**What to work on:** Wherever a picture appears in the listing below, leave it out and reproduce the rest exactly.

Top of Given material

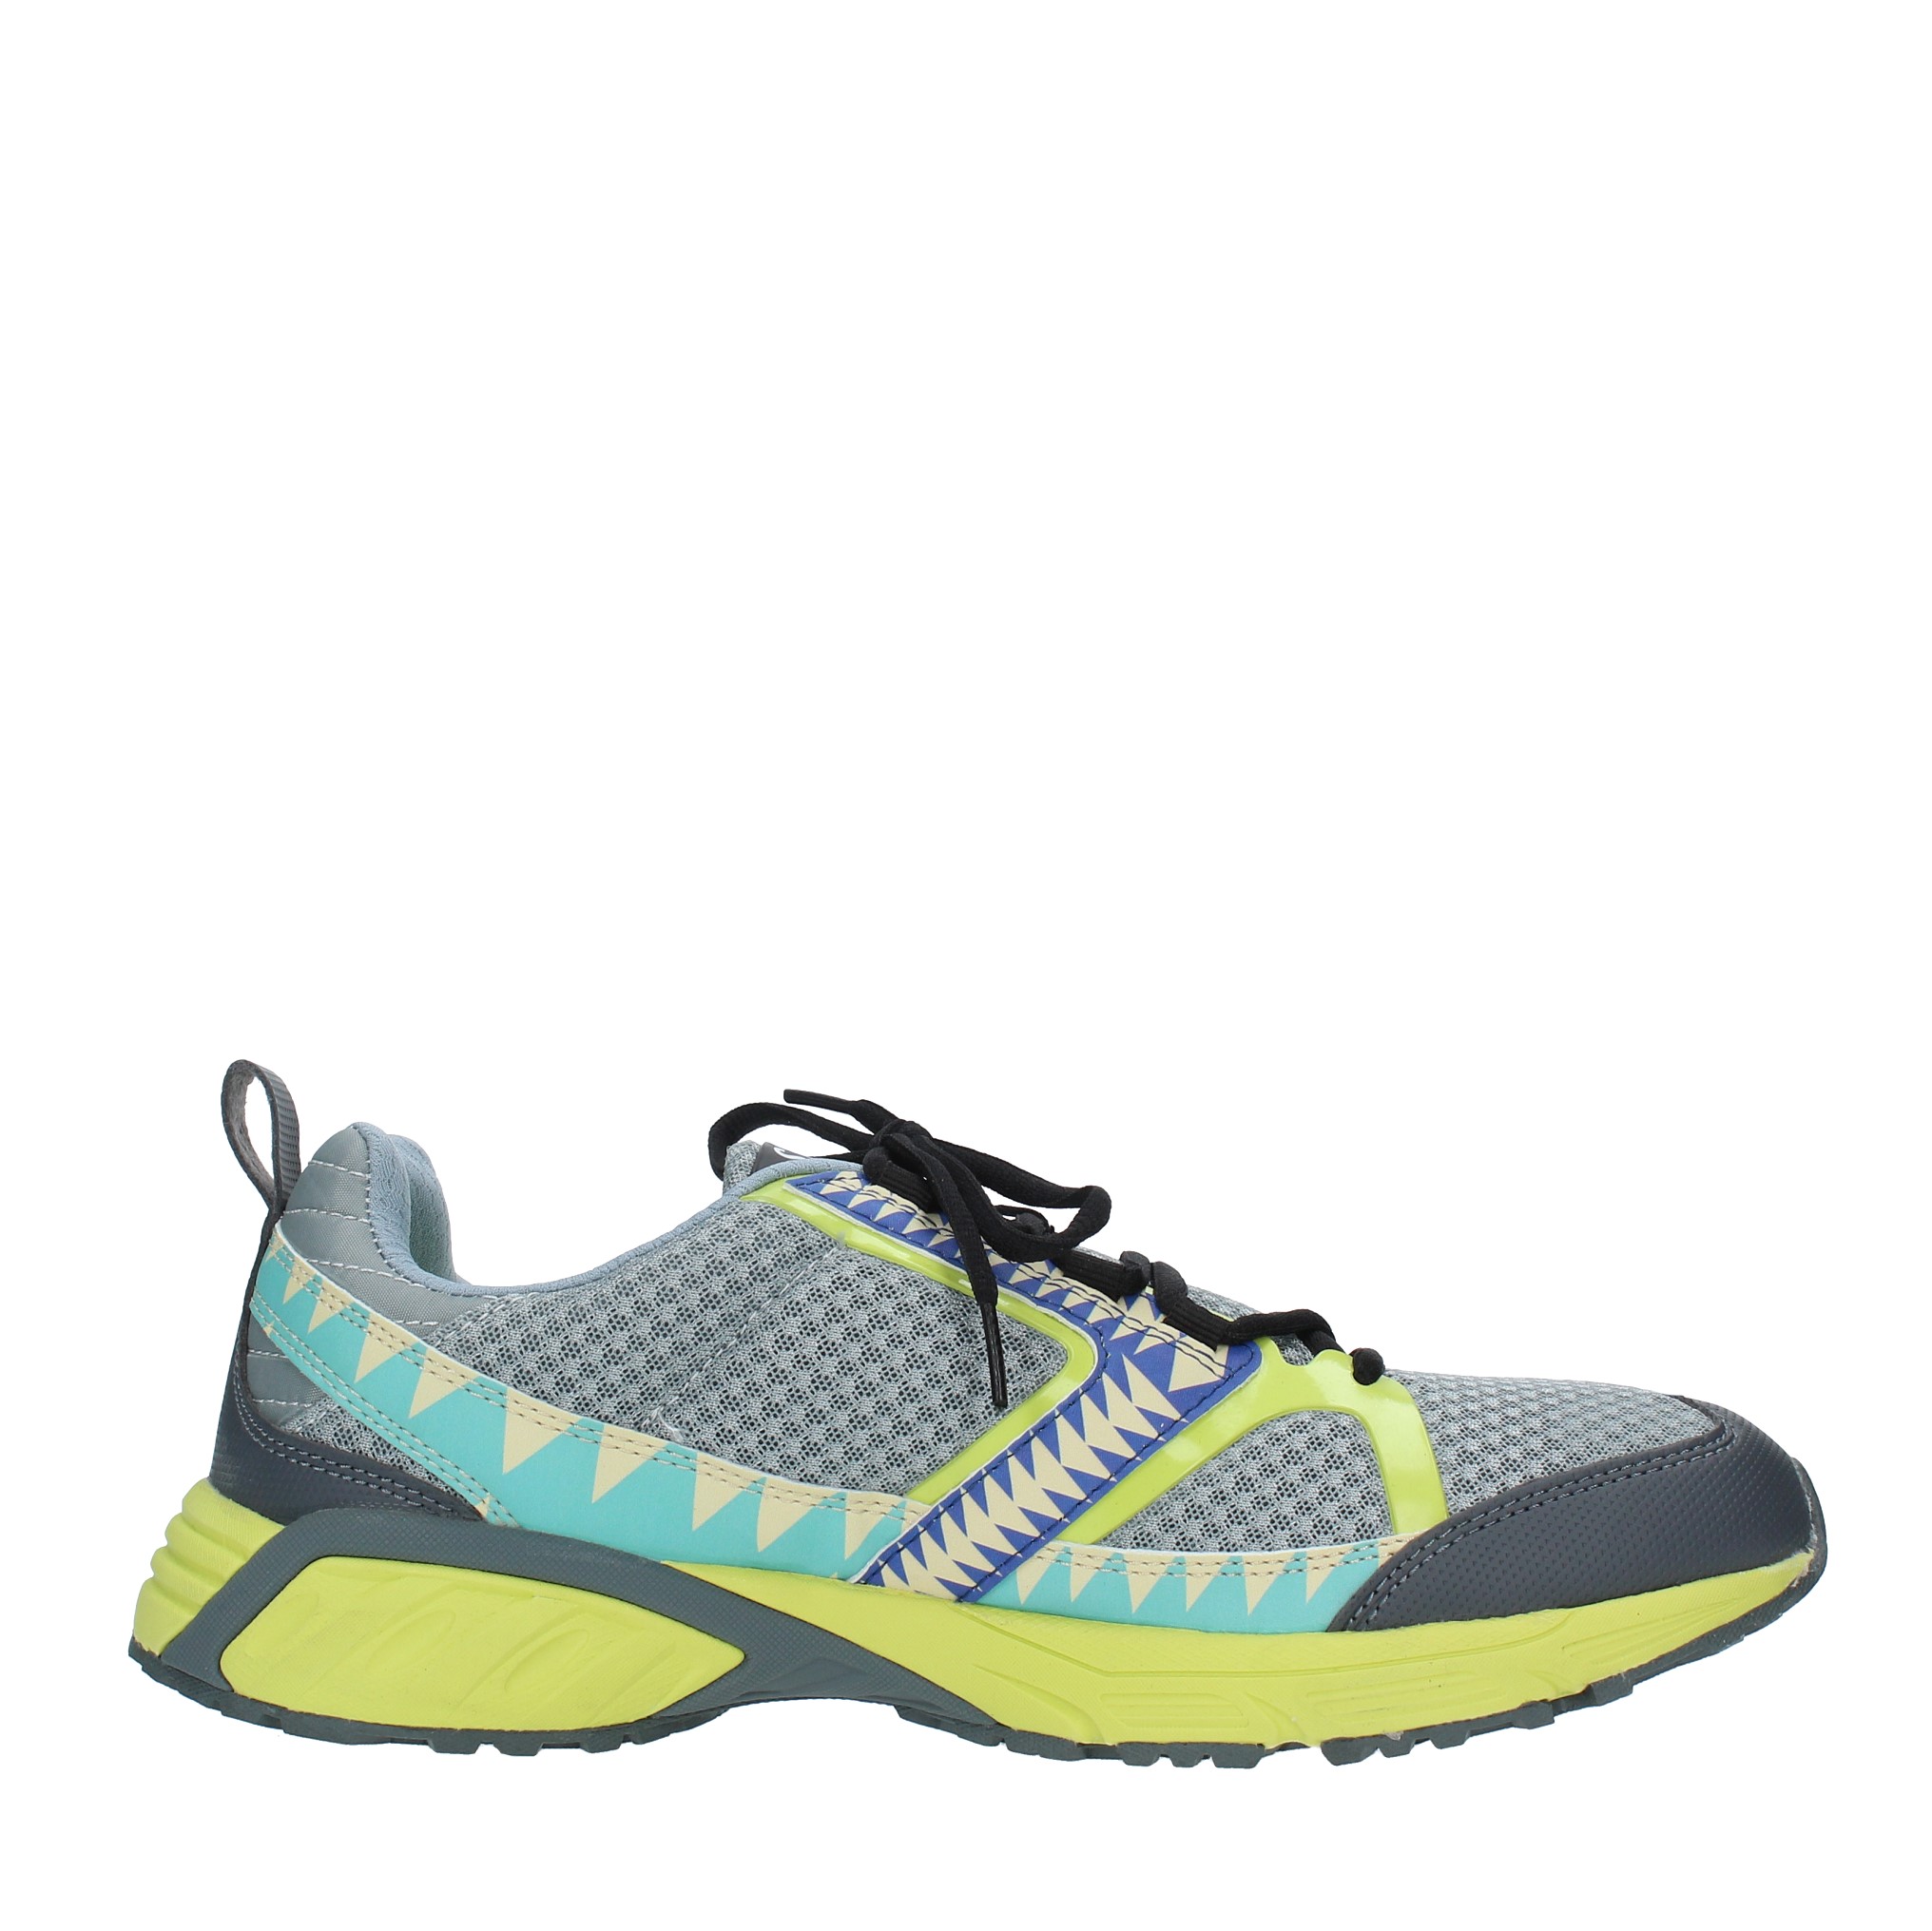 Trainers Multicolour - STRD BY VOLTA FOOTWEAR - Ginevra calzature
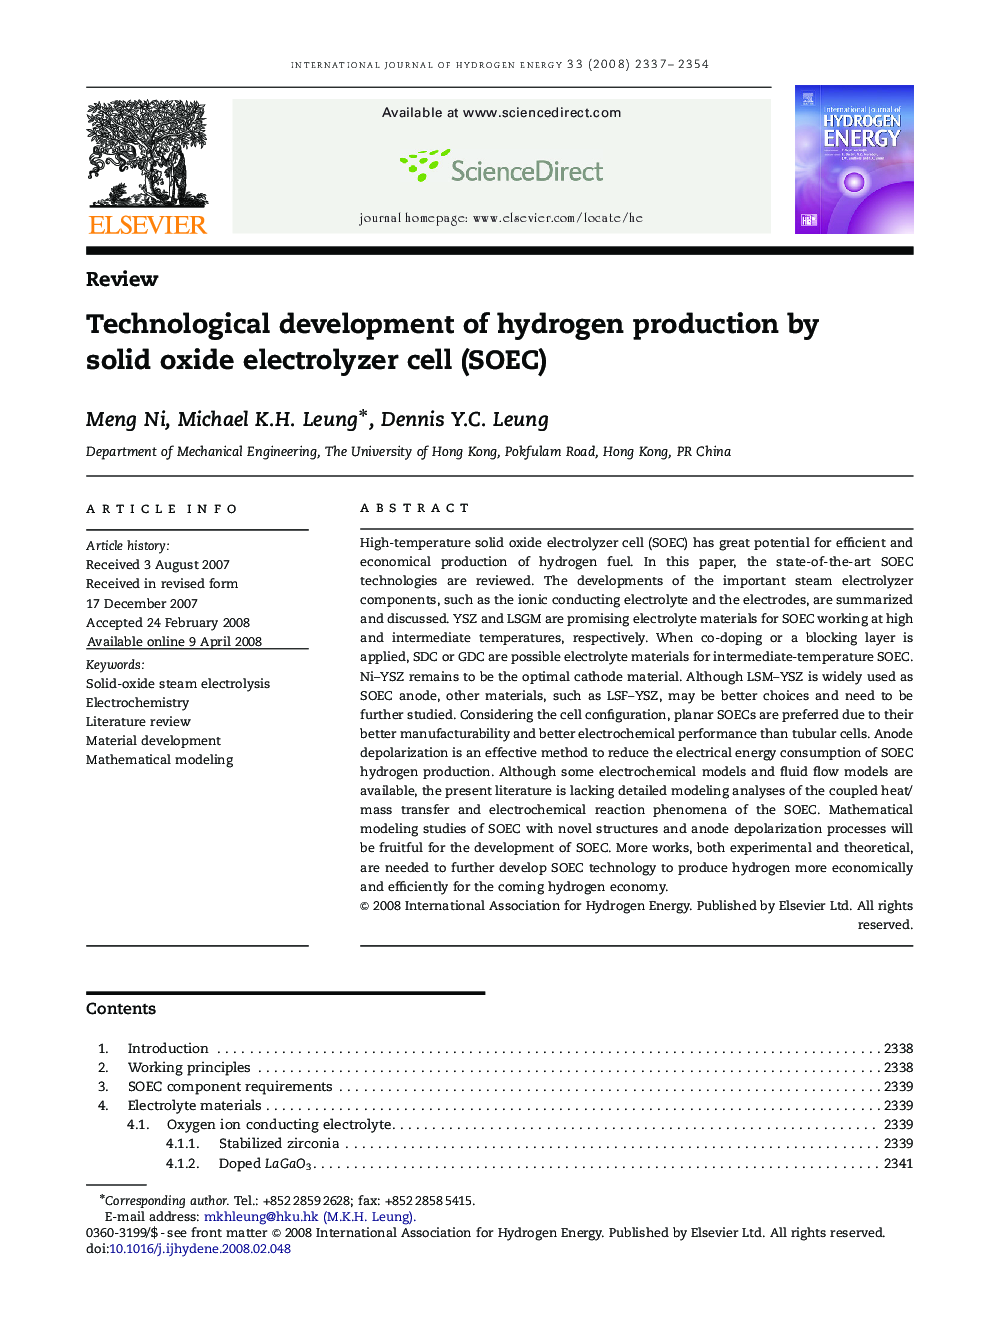 Technological development of hydrogen production by solid oxide electrolyzer cell (SOEC)
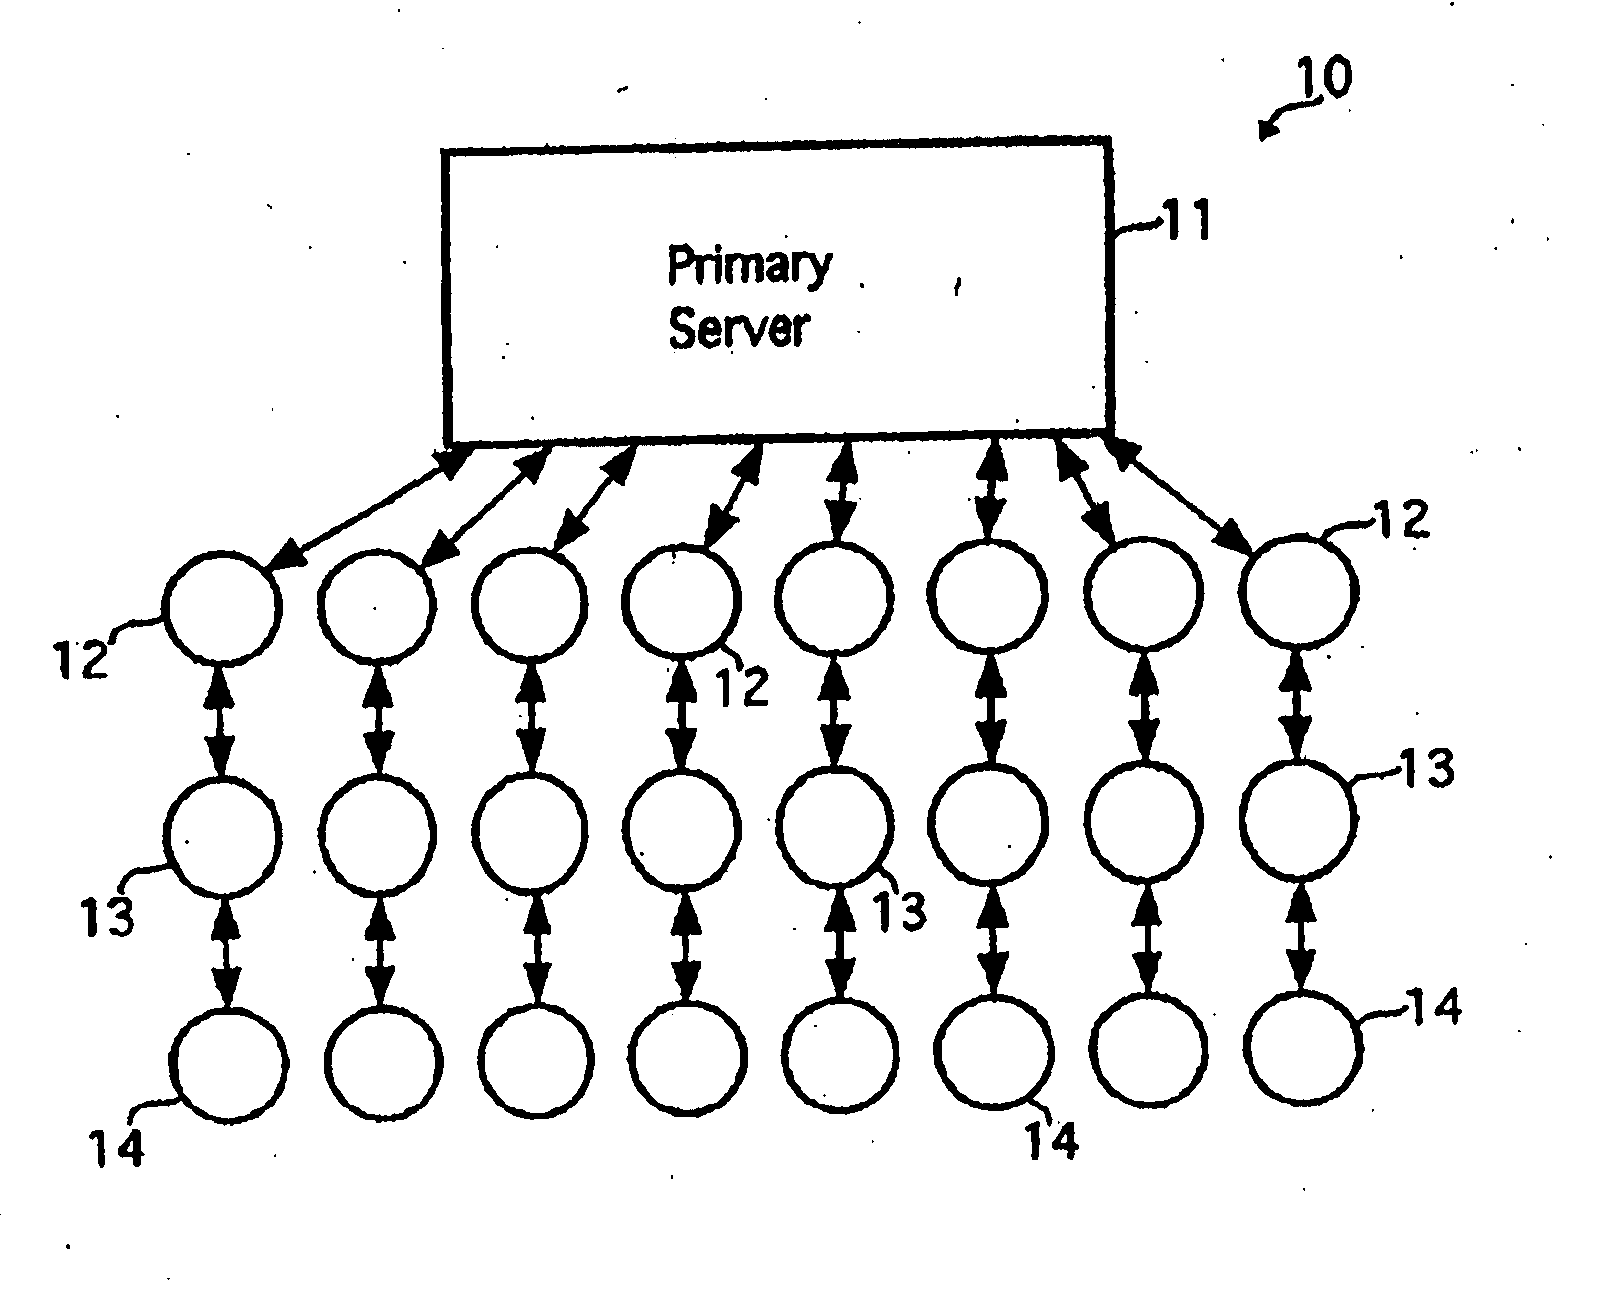 System and method for broadcasting content to nodes on computer networks

Bottom of Given material

**Exercise answer:**
 Trainers Multicolour - STRD BY VOLTA FOOTWEAR - Ginevra calzature
 Technological development of hydrogen production by solid oxide electrolyzer cell (SOEC)
 System and method for broadcasting content to nodes on computer networks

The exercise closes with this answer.